Getting data out of vendor-managed systems for analytical flexibility

Data Warehousing

Context

Our client was a family entertainment operator in US and Canada with annual revenue of around $80M. It delivered services to consumers in a large number of retail locations, and payments were accepted through various vendor-managed POS systems. As a result, all data generated by POS transactions remained in the vendors' systems, severely limiting the client's access to it, as they could only retrieve data through proprietary report generators

These generators offered limited visualization options, and users could only download a few days' worth of raw transaction data at a time due to its size. Furthermore, there were a number of advanced analyses that the management team wanted to run, including pricing elasticity and asset utilization, that would require direct access to 3-4 years of raw transactions data and running them through SQL or Python algorithms.

Objectives

The client asked us to set up a data warehouse as the repository of all their transactions data that are currently sitting in various vendor-managed systems. This data warehouse would become the primary source for all analytics and reporting going forward.

Project delivery

We decided to use Databricks to handle data replication for this client, primarily due to its flexibility in handling different data sources — particularly live streaming which one of the vendors proposed to do for its transactions — and the ability to use Python for complex data transformations.
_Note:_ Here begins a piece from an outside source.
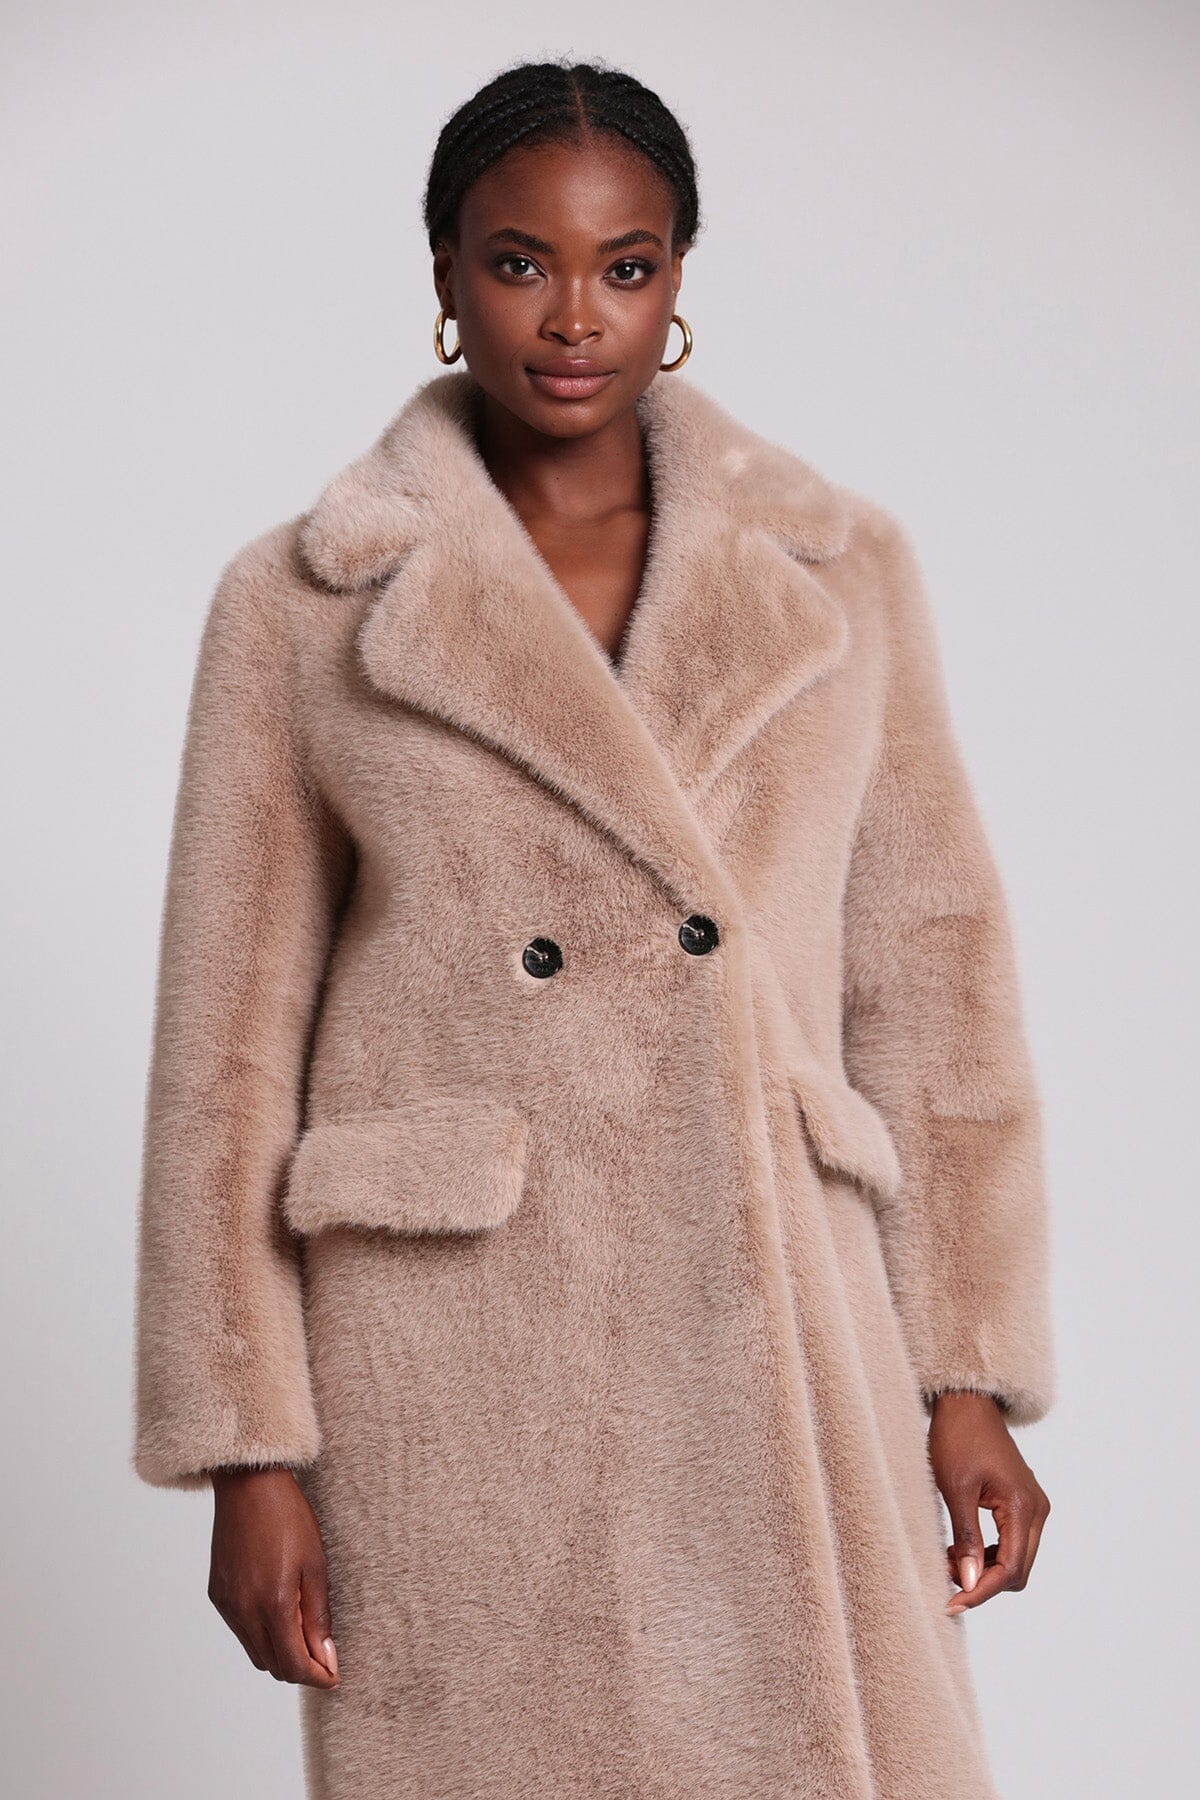 Beige double breasted faux mink fur coat jacket - women's figure flattering coats jackets outerwear Fall 2023 fashion trends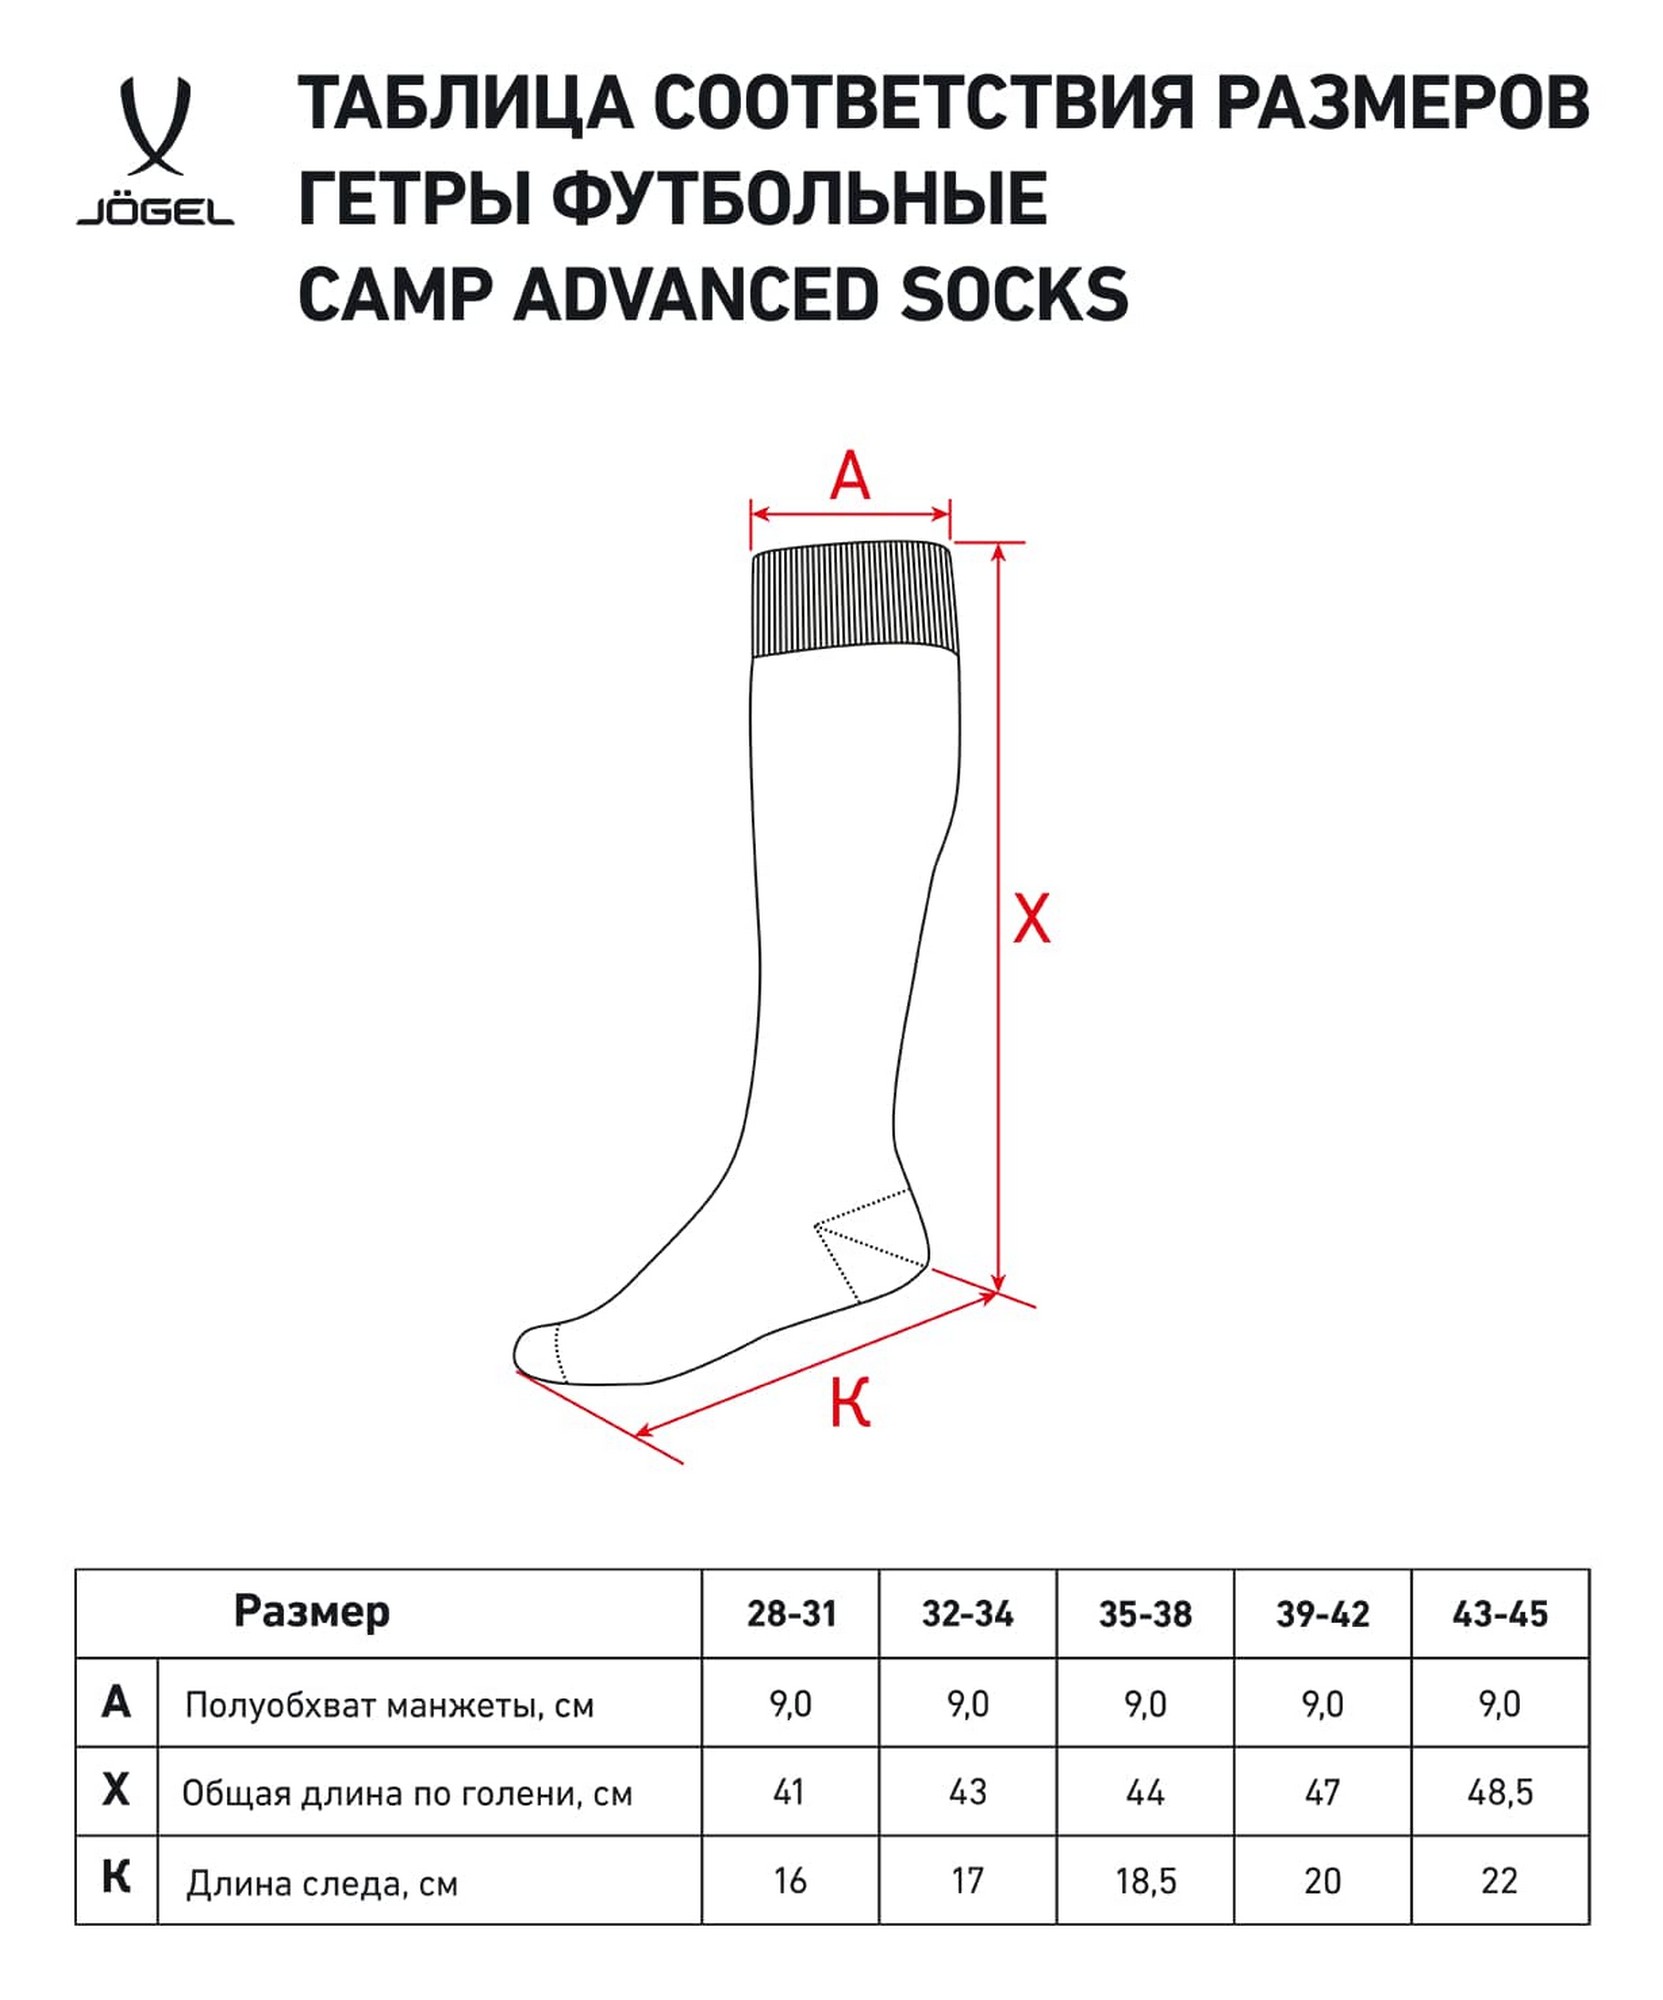 Гетры футбольные Jogel Camp Advanced Socks, гранатовый\белый 1663_2000

Due to having multiple vendor systems, we took a phased approach, one per vendor. The data ingested after each phase could immediately be used to generate useful analytics.

For the first vendor, whose system manages all the non-card transactions, the vendor extracted CSV files weekly and used an SFTP client to upload them into our client's Azure Blob storage account. We then used Databricks to pick up the files and orchestrate a series of Python Notebooks to execute the delta load logic. A complicating factor was the way this vendor's system closes the data each month (similar to how accounting teams close the books each month), requiring the creation of two separate pipelines, one for the current period and another for the prior period, the transition of which happens 4-8 days after the end of a calendar month.

Outcome

We turned the data warehouse on after the pipelines for the first vendor were deployed and tested. Then at the client's request we used the data warehouse to create an automated dashboard that has since alleviated 2 days per month in workload that fell on the company's main analyst (see this case study).

We are currently in the phase 2 of the project. The completion of this phase will allow the management team to run some of the more advanced analyses that they were looking to do.

‍